AIM OF THE EXERCISE:
From the material below, reproduce exactly the stretch of lines that begins with the line holding "Two individuals who" and ends with the line holding "THIP-P4078FM-IR 256x192 Thermal/4MP", skipping the pictures.

*** Opening of ENTRIES SUPPLIED ***

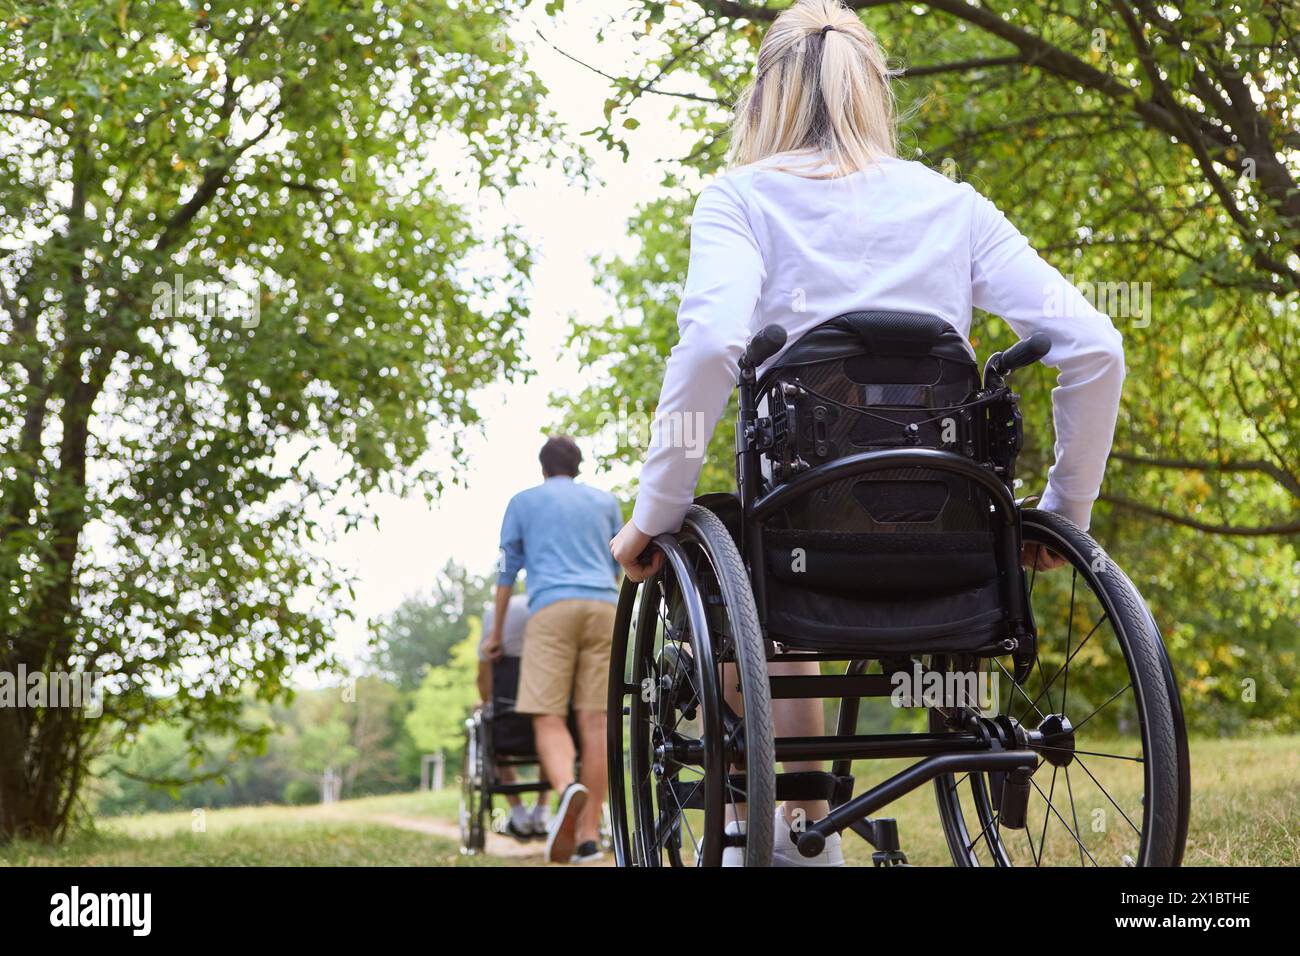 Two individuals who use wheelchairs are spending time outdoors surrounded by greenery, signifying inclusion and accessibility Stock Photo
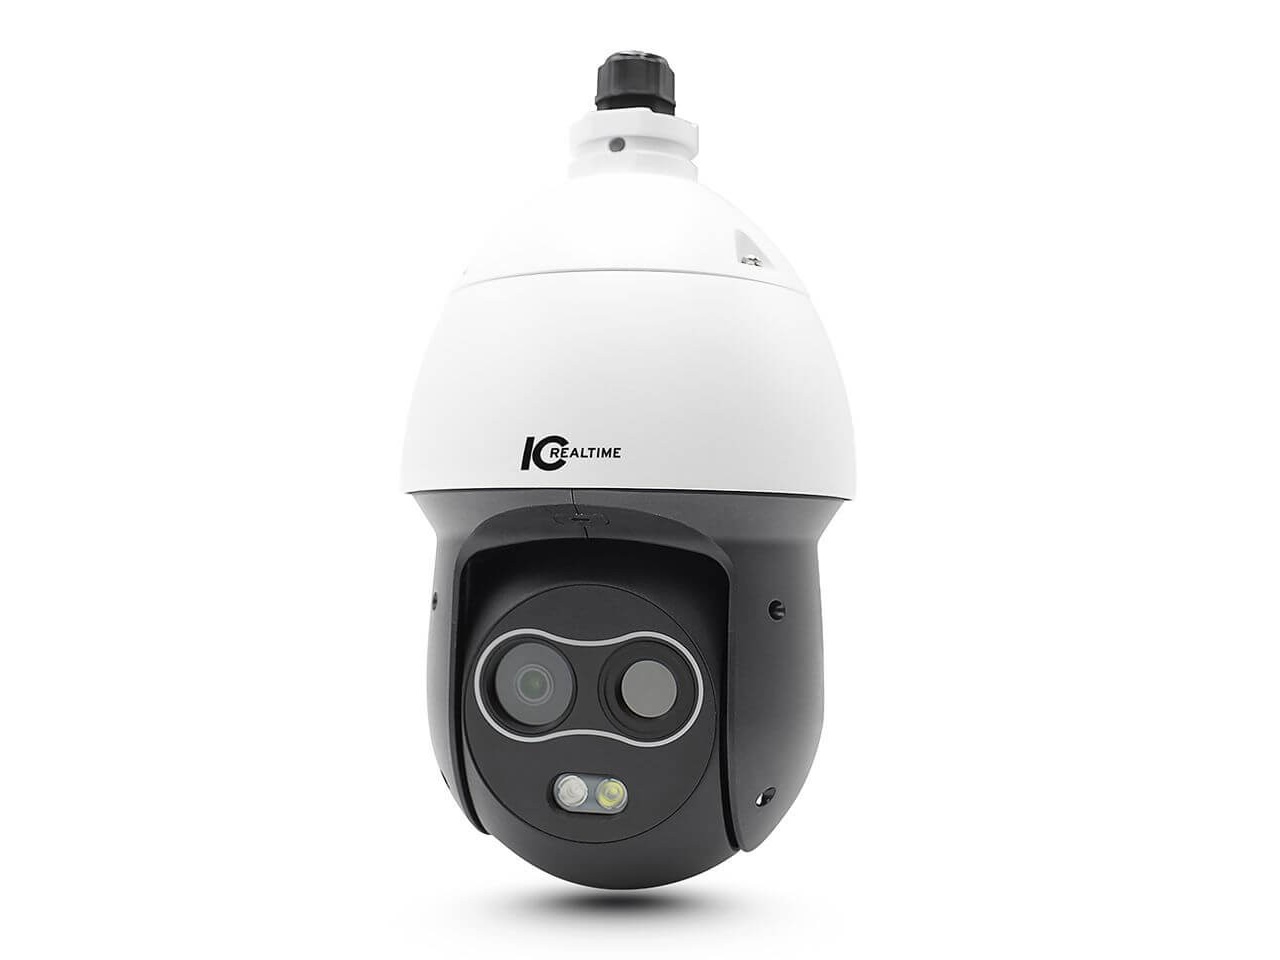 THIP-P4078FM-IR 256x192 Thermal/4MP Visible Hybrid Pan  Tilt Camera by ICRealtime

*** Close of ENTRIES SUPPLIED ***
*** Opening of ENTRIES SUPPLIED ***

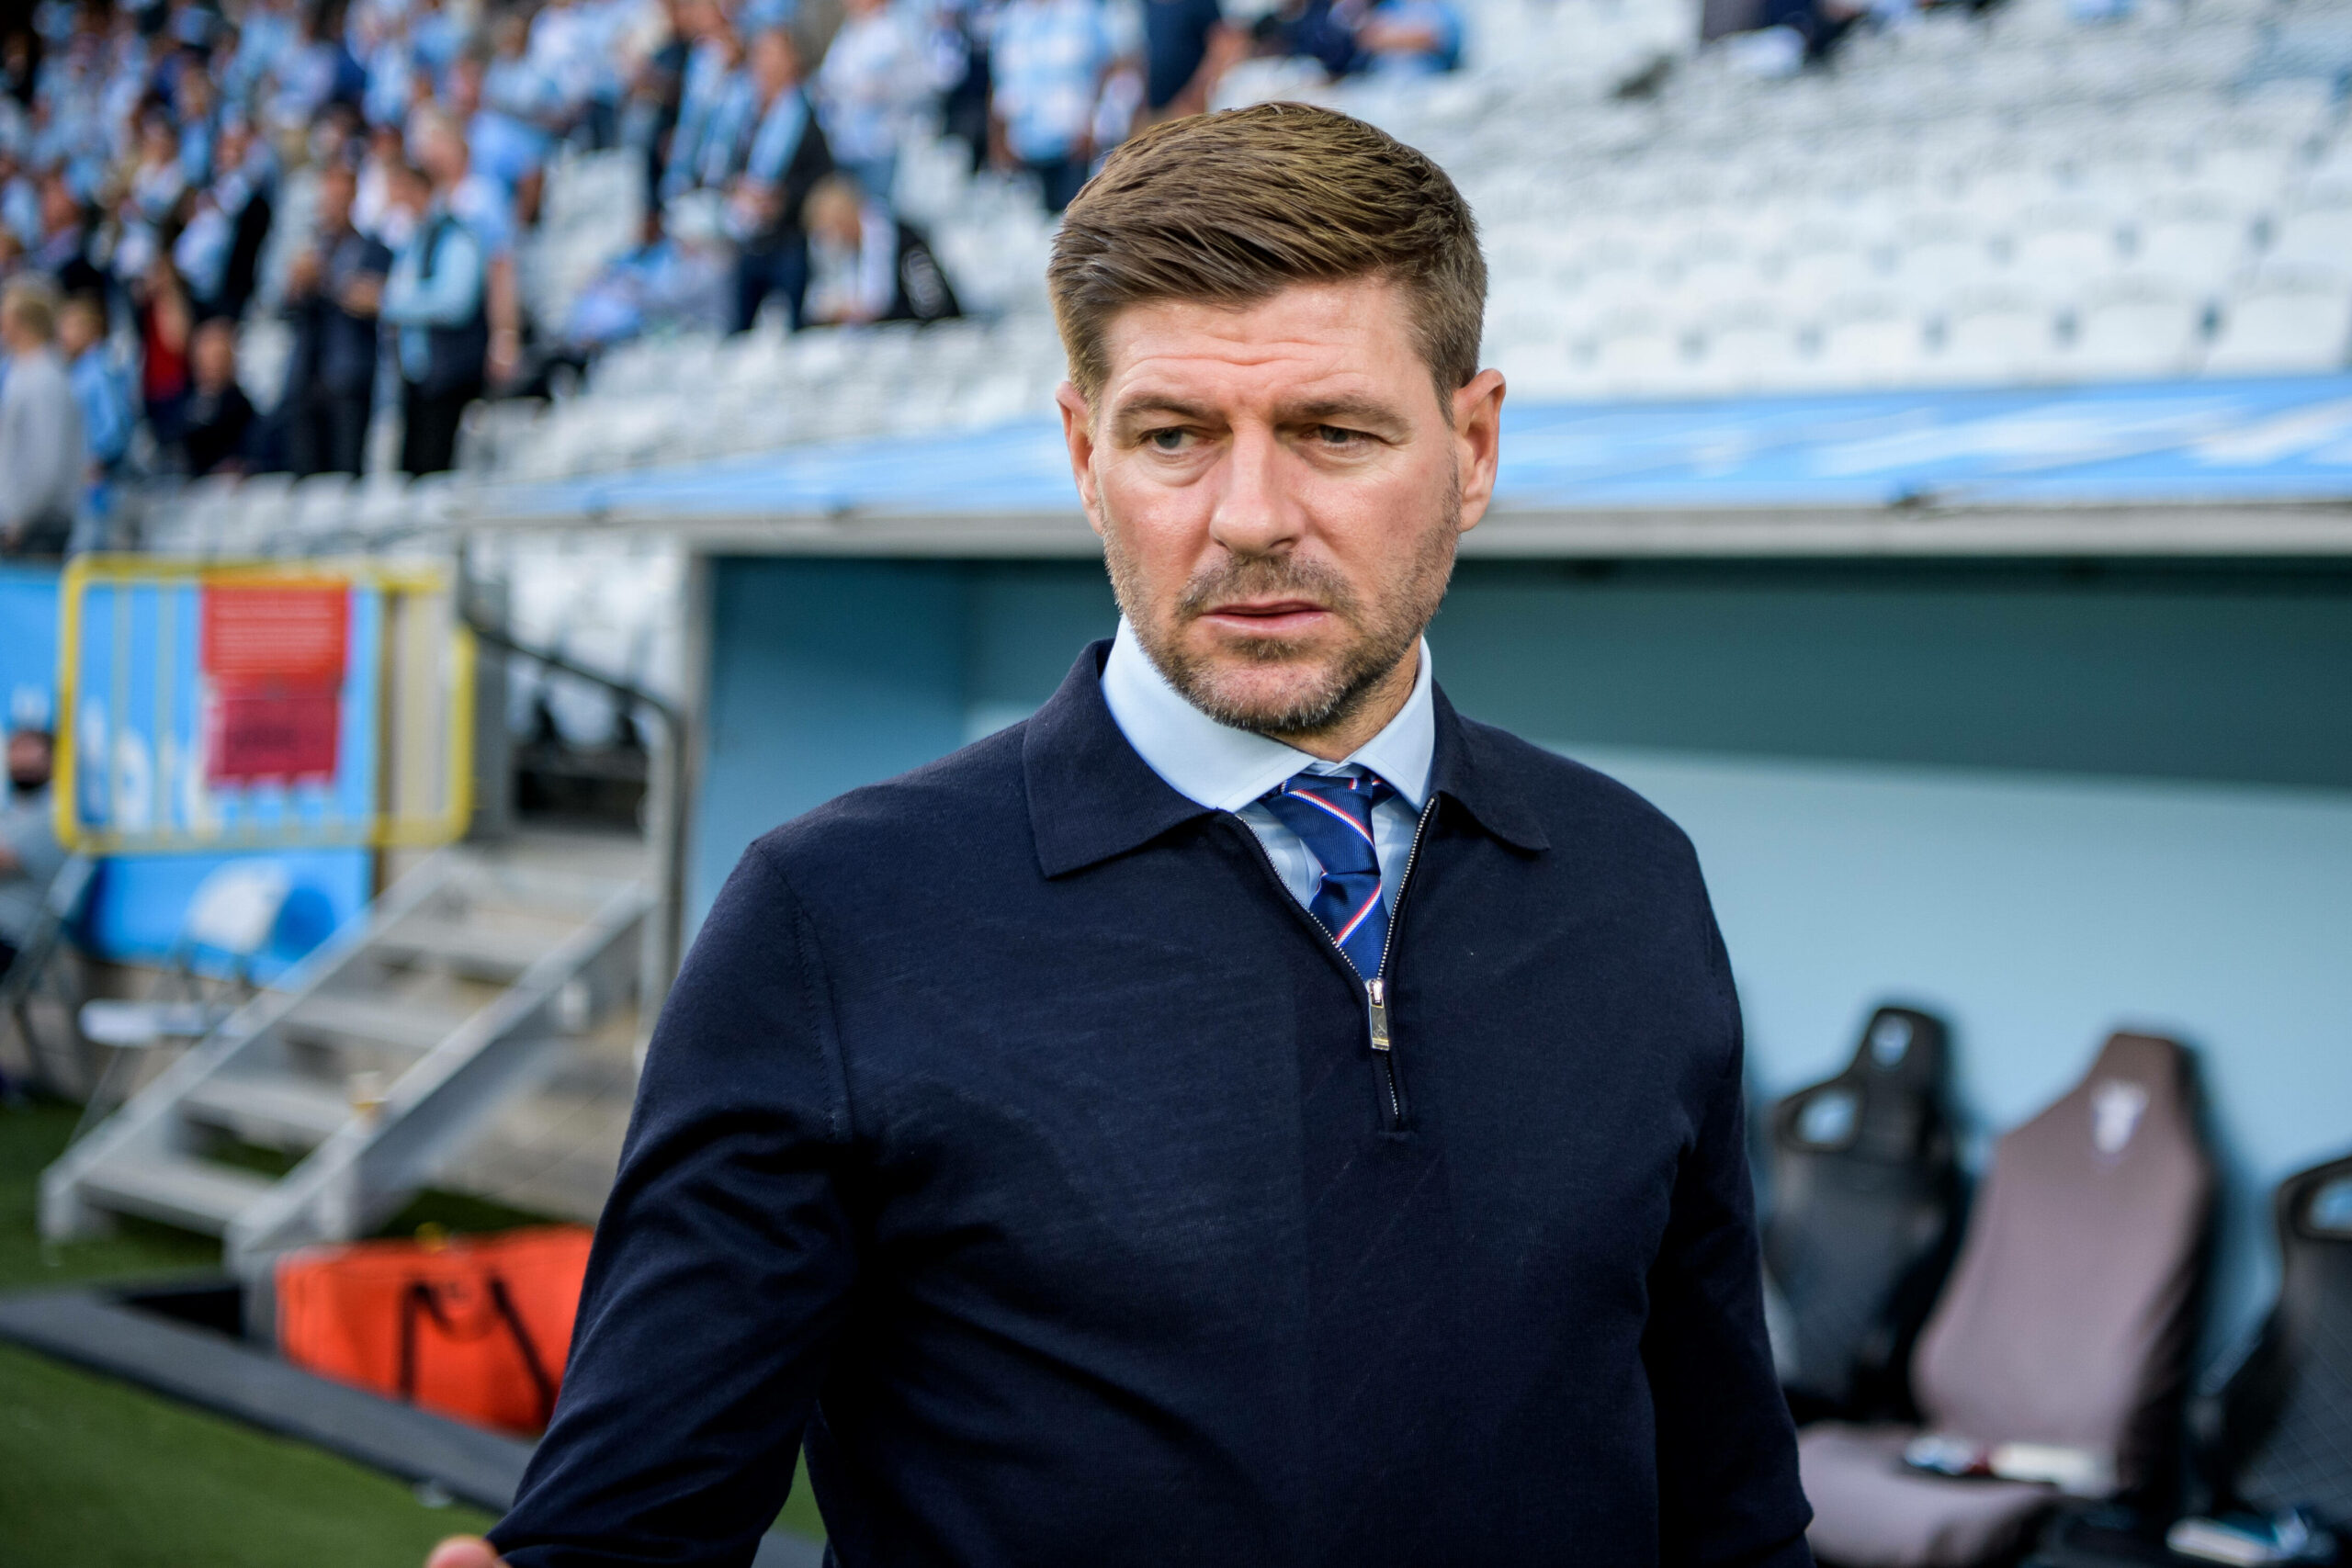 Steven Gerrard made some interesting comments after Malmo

*** Close of ENTRIES SUPPLIED ***
*** Opening of ENTRIES SUPPLIED ***

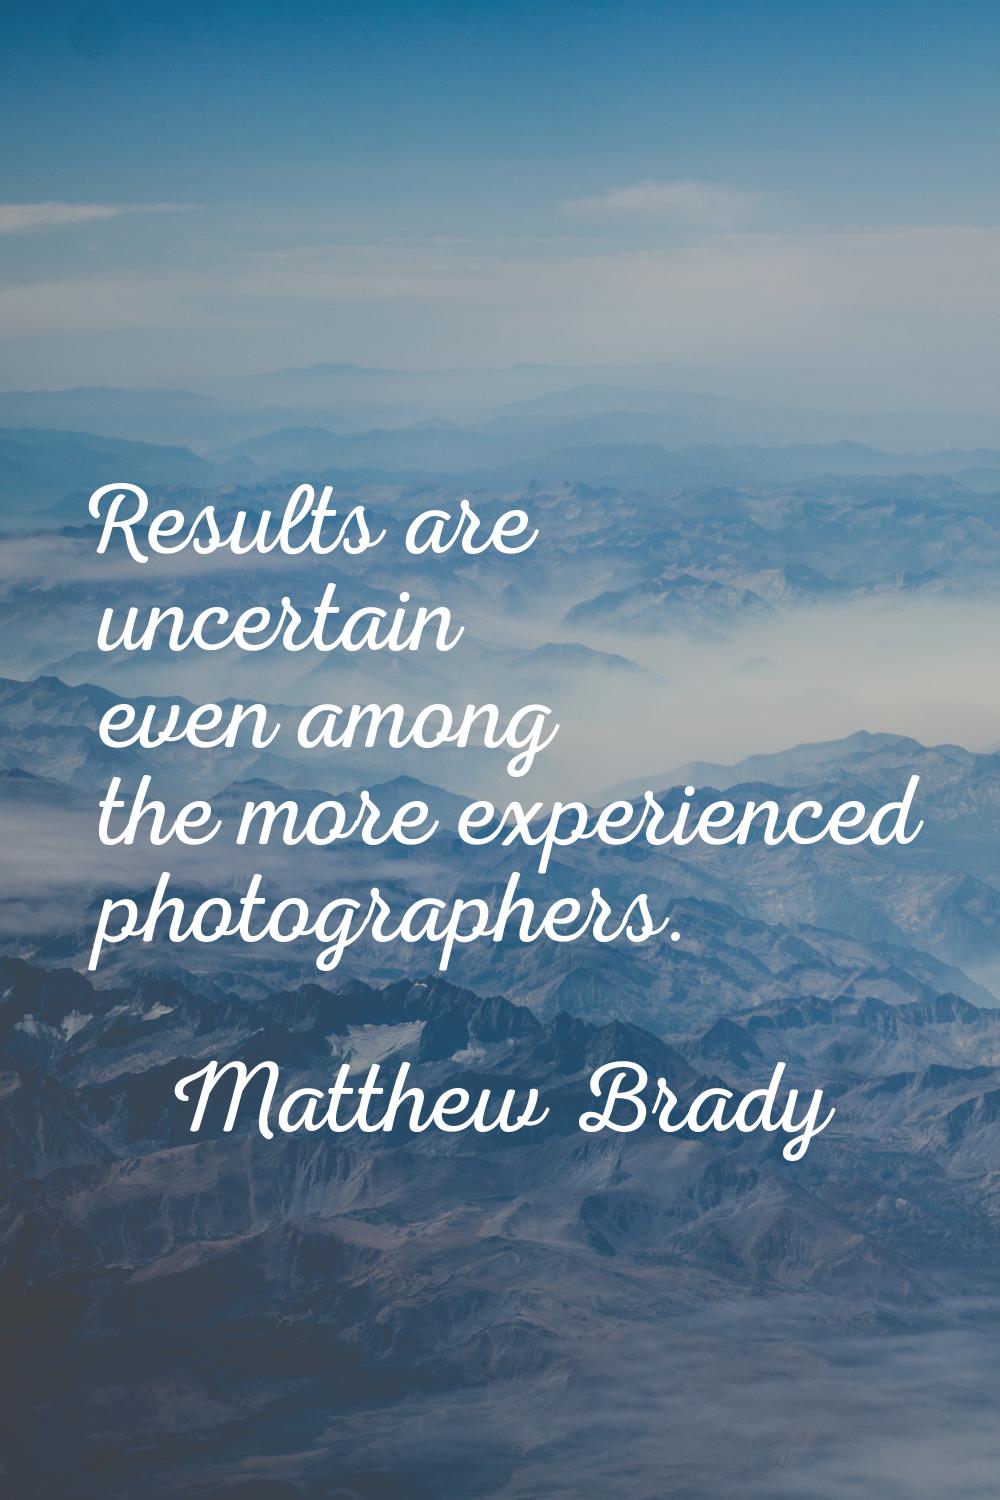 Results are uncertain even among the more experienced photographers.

*** Close of ENTRIES SUPPLIED ***

RESPONSE TO THE TASK:
 Two individuals who use wheelchairs are spending time outdoors surrounded by greenery, signifying inclusion and accessibility Stock Photo
 THIP-P4078FM-IR 256x192 Thermal/4MP Visible Hybrid Pan  Tilt Camera by ICRealtime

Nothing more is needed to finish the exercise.